DAX Median() Function Does Not Work On Tables With More Than 2 Billion Rows

An interesting – if obscure – fact I learned recently is that a small number of DAX functions such as Median() do not work on tables with more than 2 billion rows in Analysis Services Tabular, Azure AS and Power BI.

It’s quite easy to reproduce in Power BI. The following M expression returns a table with two billion and four rows:

let
    Source = 
    List.Repeat(
        {1,2,3,4},
        500000001
        ),
    #"Converted to Table" = 
    Table.FromList(
        Source, 
        Splitter.SplitByNothing(), 
        null, 
        null, 
        ExtraValues.Error
        ),
    #"Changed Type" = 
    Table.TransformColumnTypes(
        #"Converted to Table",
        {{"Column1", Int64.Type}}
        )
in
    #"Changed Type"

It takes some time to load this table  – around twenty minutes – but because there are only four distinct values in the table the resulting .pbix file is only 31KB thanks to the way Power BI compresses data.

If you load this table into your dataset, call it VeryBigTable and create the following measure:

Median Test = MEDIAN(VeryBigTable[Column1])

…and use the measure in a visual, you’ll see the following error:

image

The current query cannot be evaluated for the ‘VeryBigTable (42)’ table, because the table contains more than two billion rows.

What’s more, the error will always occur even if you apply a filter to the table that returns less than two billion rows. The same problem occurs with some other functions, such as Percentile(), but it’s worth pointing out that the vast majority of DAX functions work as normal with tables with more than two billion rows – for example, in the pbix file used here the Sum() and CountRows() functions not only work fine but return instantly.

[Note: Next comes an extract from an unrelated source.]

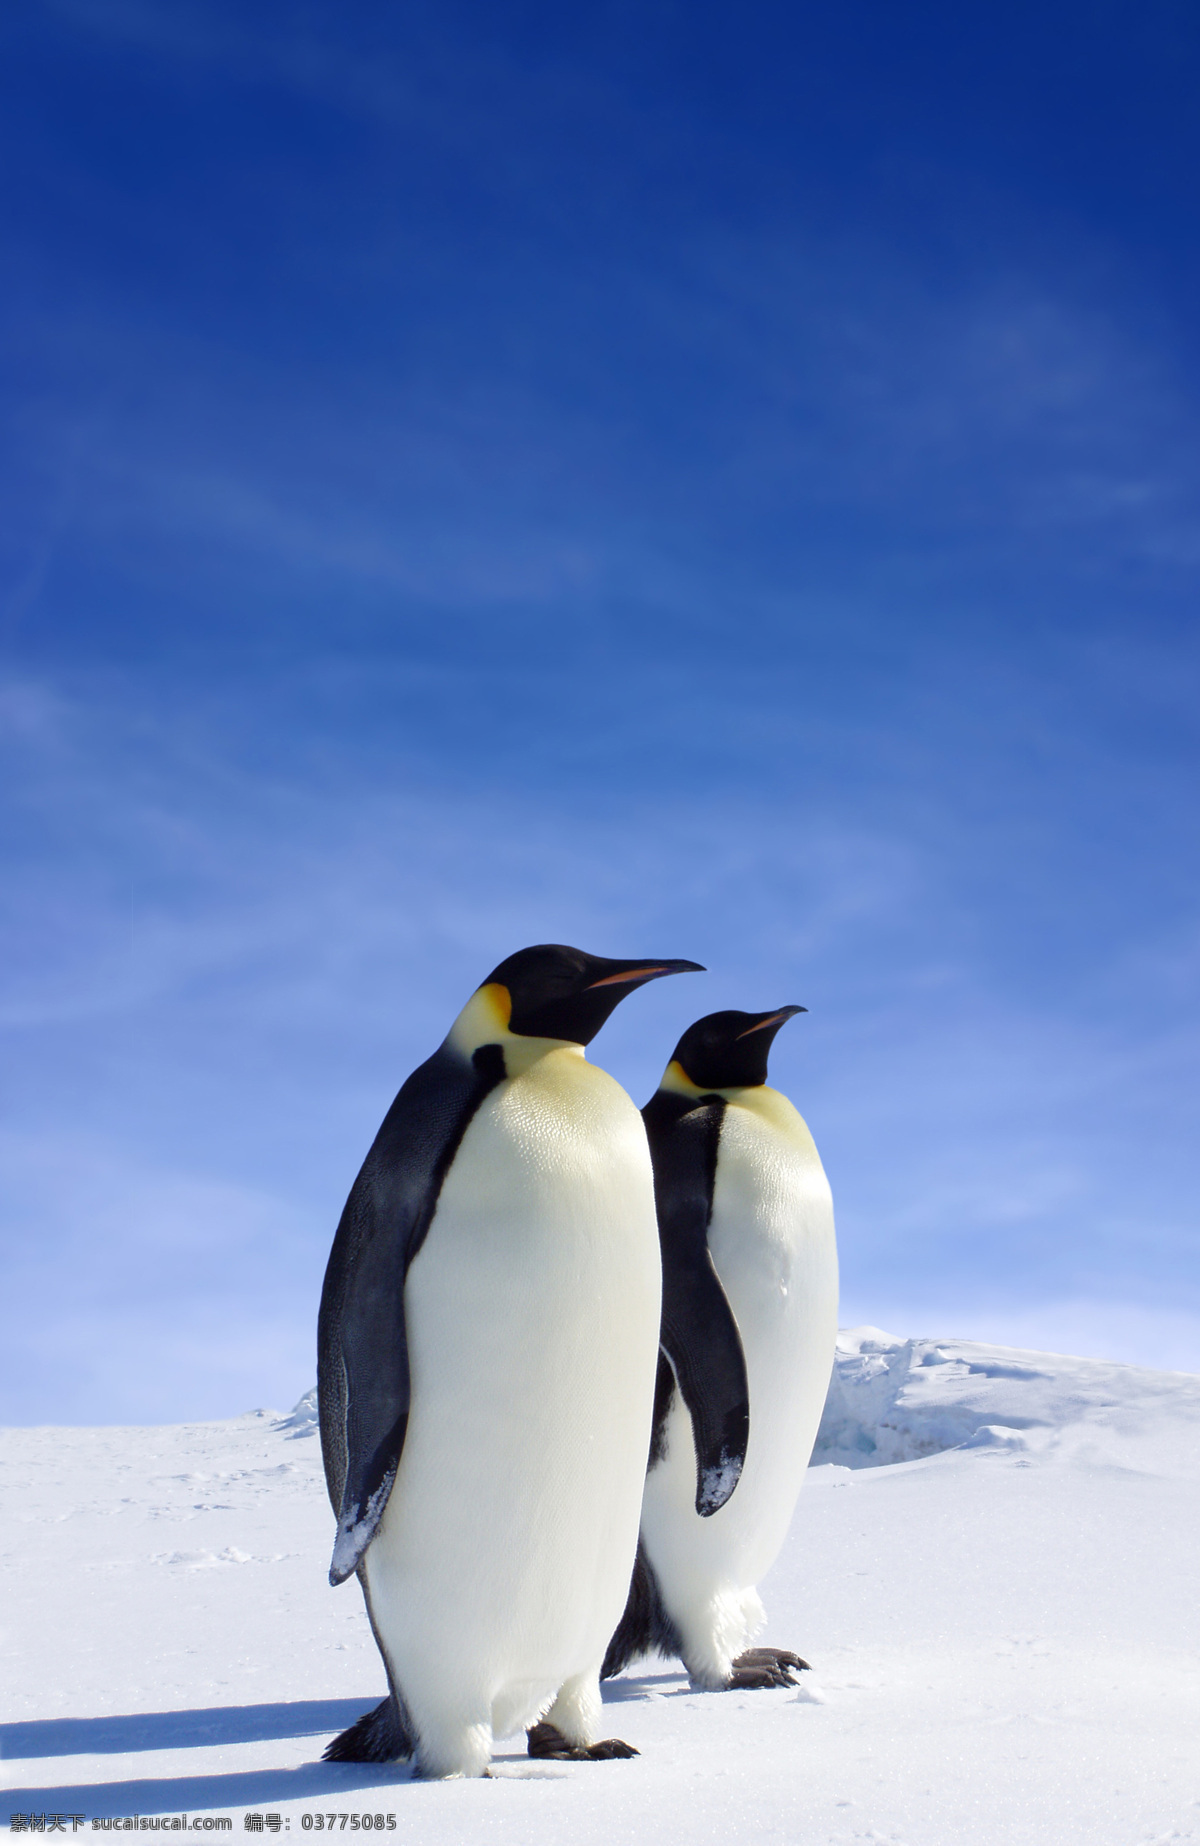 南极 帝 企鹅 鹅 动物 帝企鹅 南极动物 鸟 一群企鹅 冰山 冰天雪地 动物摄影 南极企鹅 企鹅群 企鹅素材 生物世界 海洋生物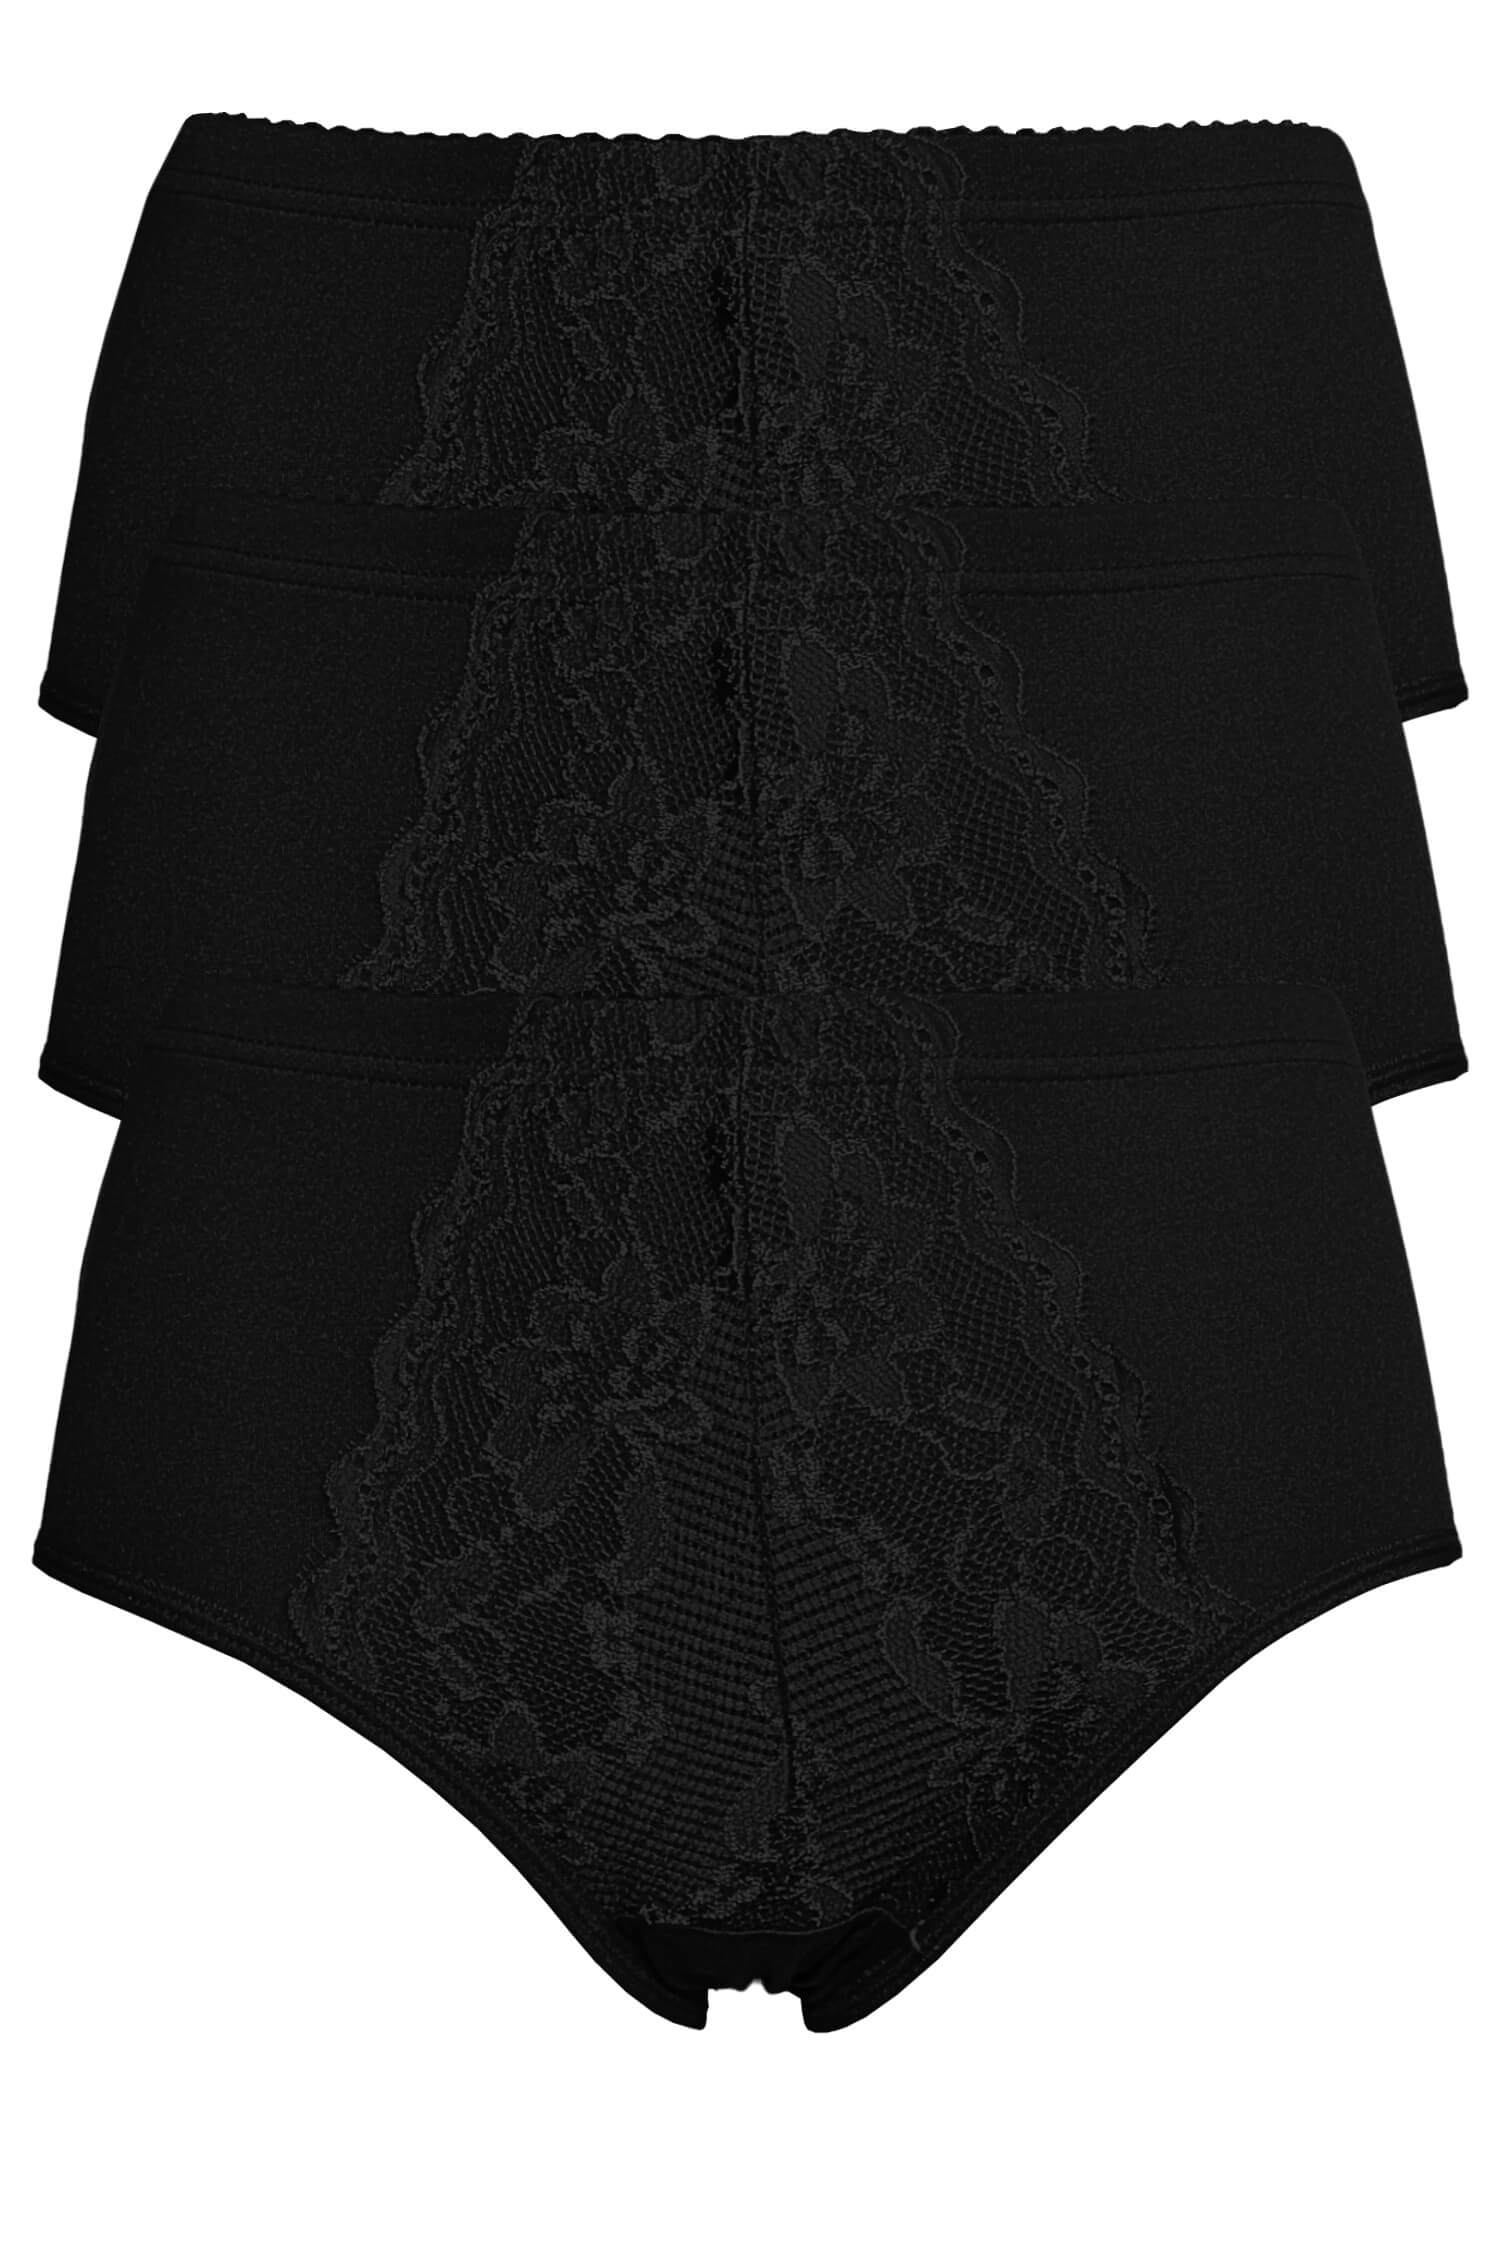 Jitka dámské bavlněné kalhotky s krajkou 9040 - 3 ks černá XXL

Luckily, in the case of the Median() function, there is an easy workaround because you can calculate a median in other ways such as the one described on the DAX Patterns site here. The code is a lot more verbose but it works on a 2 billion+ row table.

image

Storing Large Images In Power BI Datasets

Jason Thomas and Gerhard Brueckl have both blogged on the subject of storing images as text inside a Power BI dataset:

http://sqljason.com/2018/01/embedding-images-in-power-bi-using-base64.html

https://blog.gbrueckl.at/2018/01/storing-images-powerbi-analysis-services-data-models/

Since they wrote those posts, however, Power BI has added the ability to set the Data Category property on measures as well as columns in tables. This means it is now possible to have the output of a DAX measure displayed as an image in a Power BI report and this in turn opens up a lot of new possibilities – including the ability to work around the maximum size of a text value that can be loaded into Power BI (see my previous blog post for more details) and therefore work with larger images.

Here’s a rather lovely picture of a rose:

2014-08-18 17.02.10_20Pct

The original is about 2.1MB; I have a folder on my PC where different versions of this picture, saved at different percentages of the original size, are stored:

image

Using the technique that Gerhard wrote about, where the pictures can be stored as text in a single cell in a Power BI dataset and then displayed (in this case I’m using the Image by CloudScope custom visual) some truncation of the image occurs even with the smallest files because of the 32766 character limit on the length of a text value that can be loaded into Power BI. Here’s what you see when you display the version of the picture that is 20% of the original size, a file of only 113KB:

image

To work around this, what you need to do is to split the text representation of the image up into multiple smaller text values stored across multiple rows, each of which is less than the 32766 character limit, and then reassemble them in a DAX measure after the data has been loaded.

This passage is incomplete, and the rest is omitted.